▶ [Assignment]: Output the listing below exactly, minus its images.

▶ [Information supplied]:
● ● ● ● ●
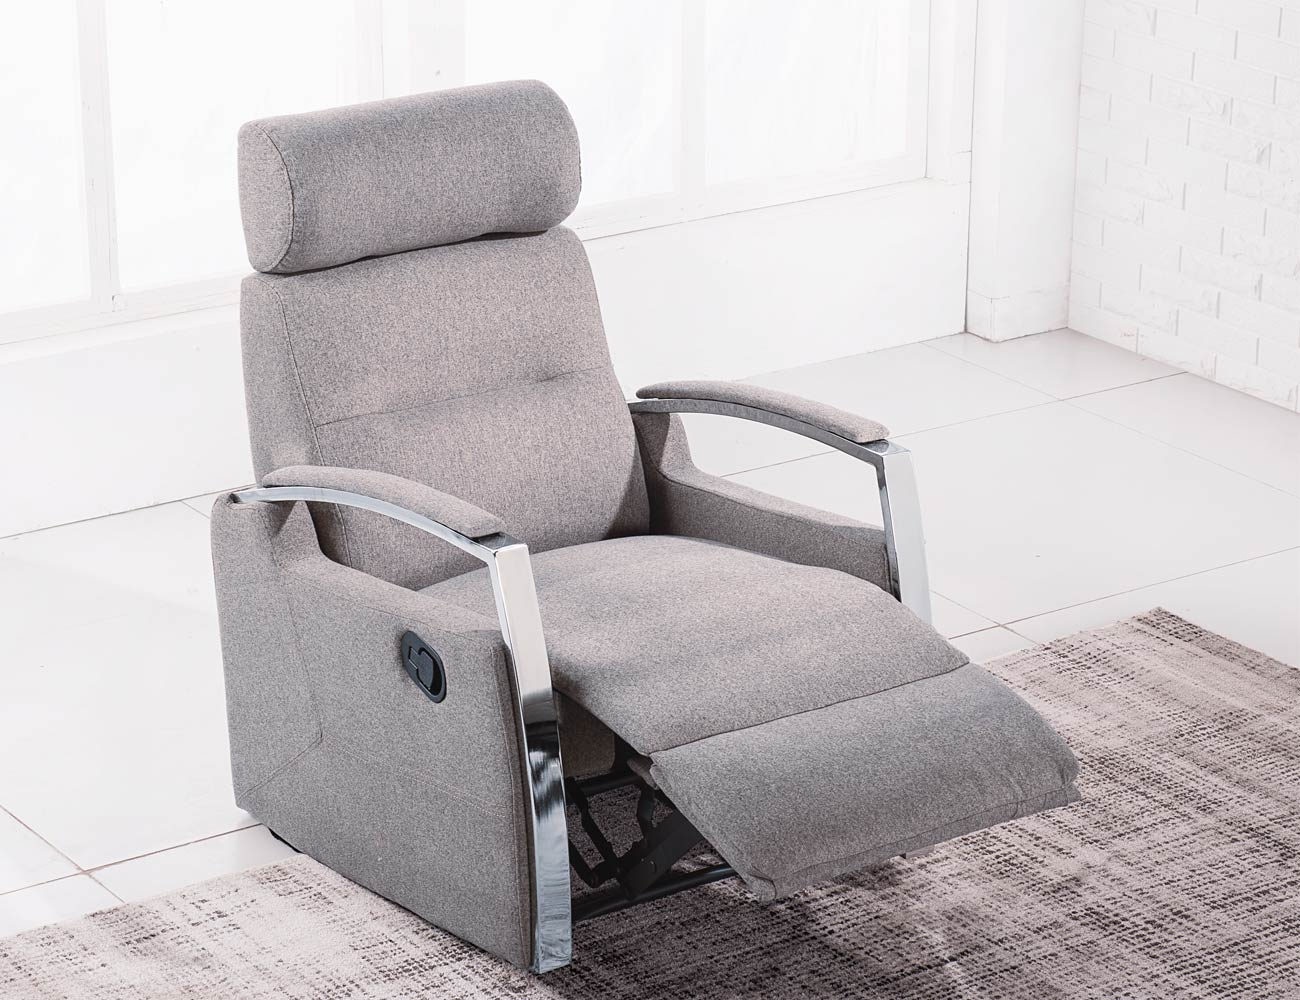 Mueble gris marengo 20170906150649 - Factory del mueble ...
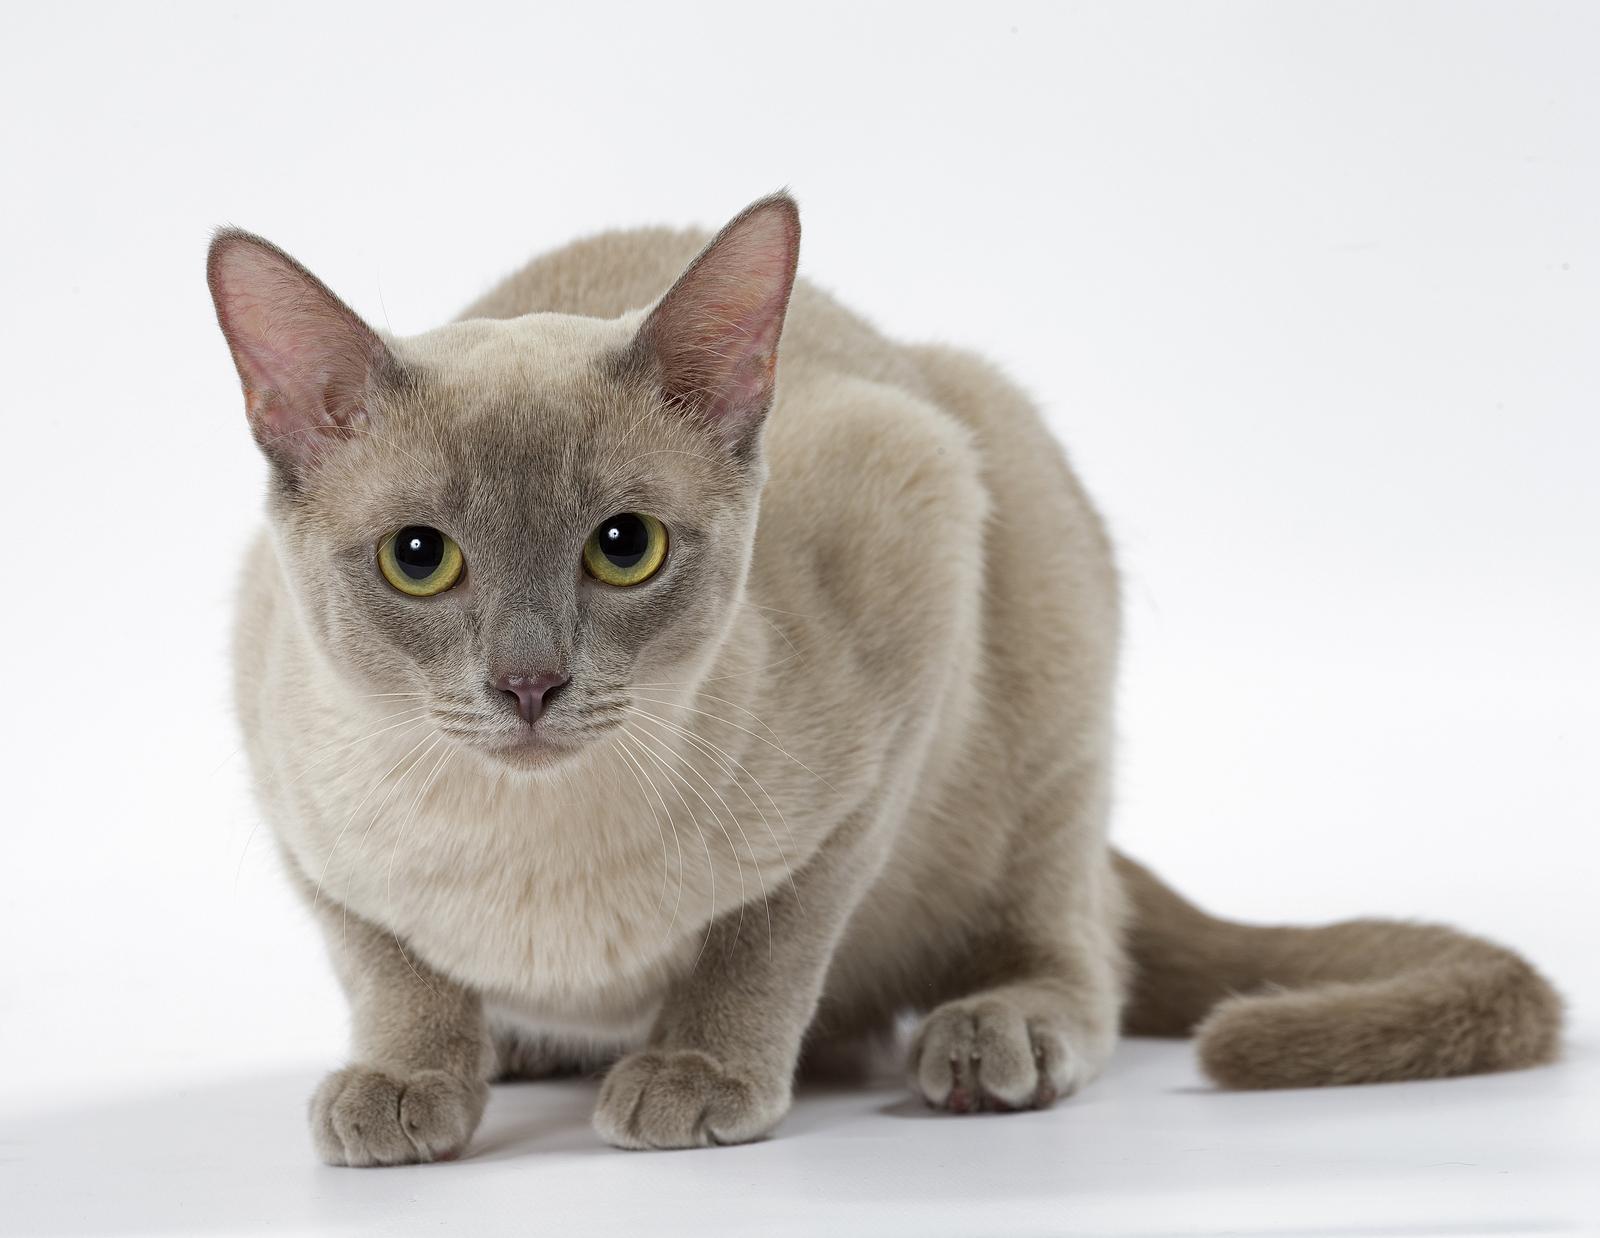 50 Jenis Kucing Di Dunia Beserta Sejarah Lengkap
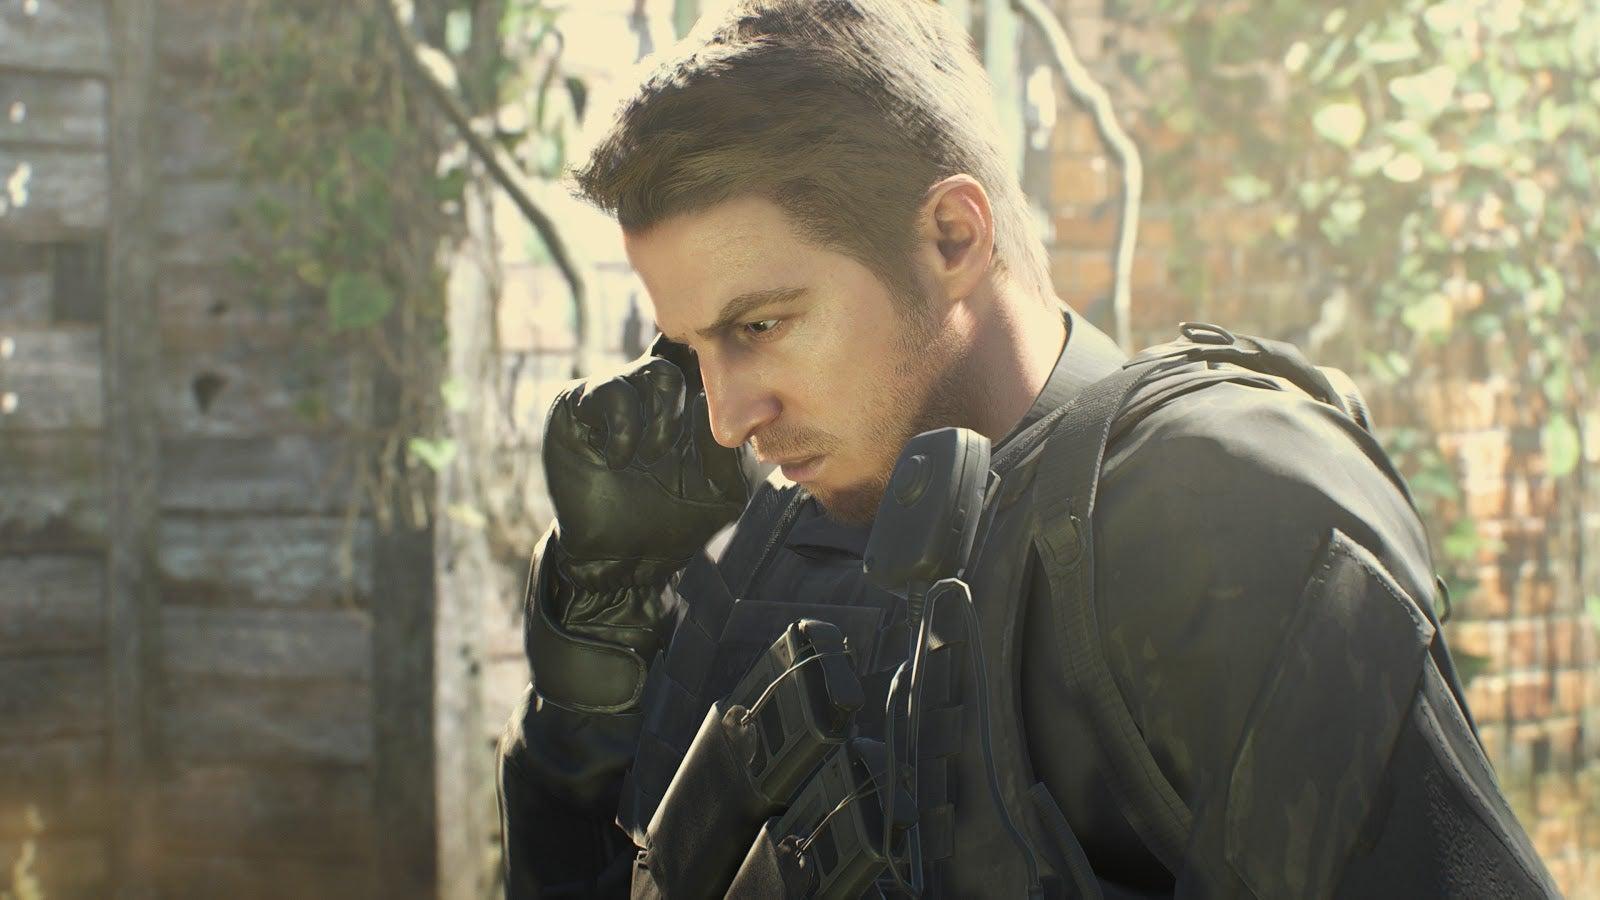 Resident Evil 7's New DLC Drops The Horror For Action
● ● ● ● ●
▶ [Solution to this task]:
 Mueble gris marengo 20170906150649 - Factory del mueble ...
 50 Jenis Kucing Di Dunia Beserta Sejarah Lengkap
 Resident Evil 7's New DLC Drops The Horror For Action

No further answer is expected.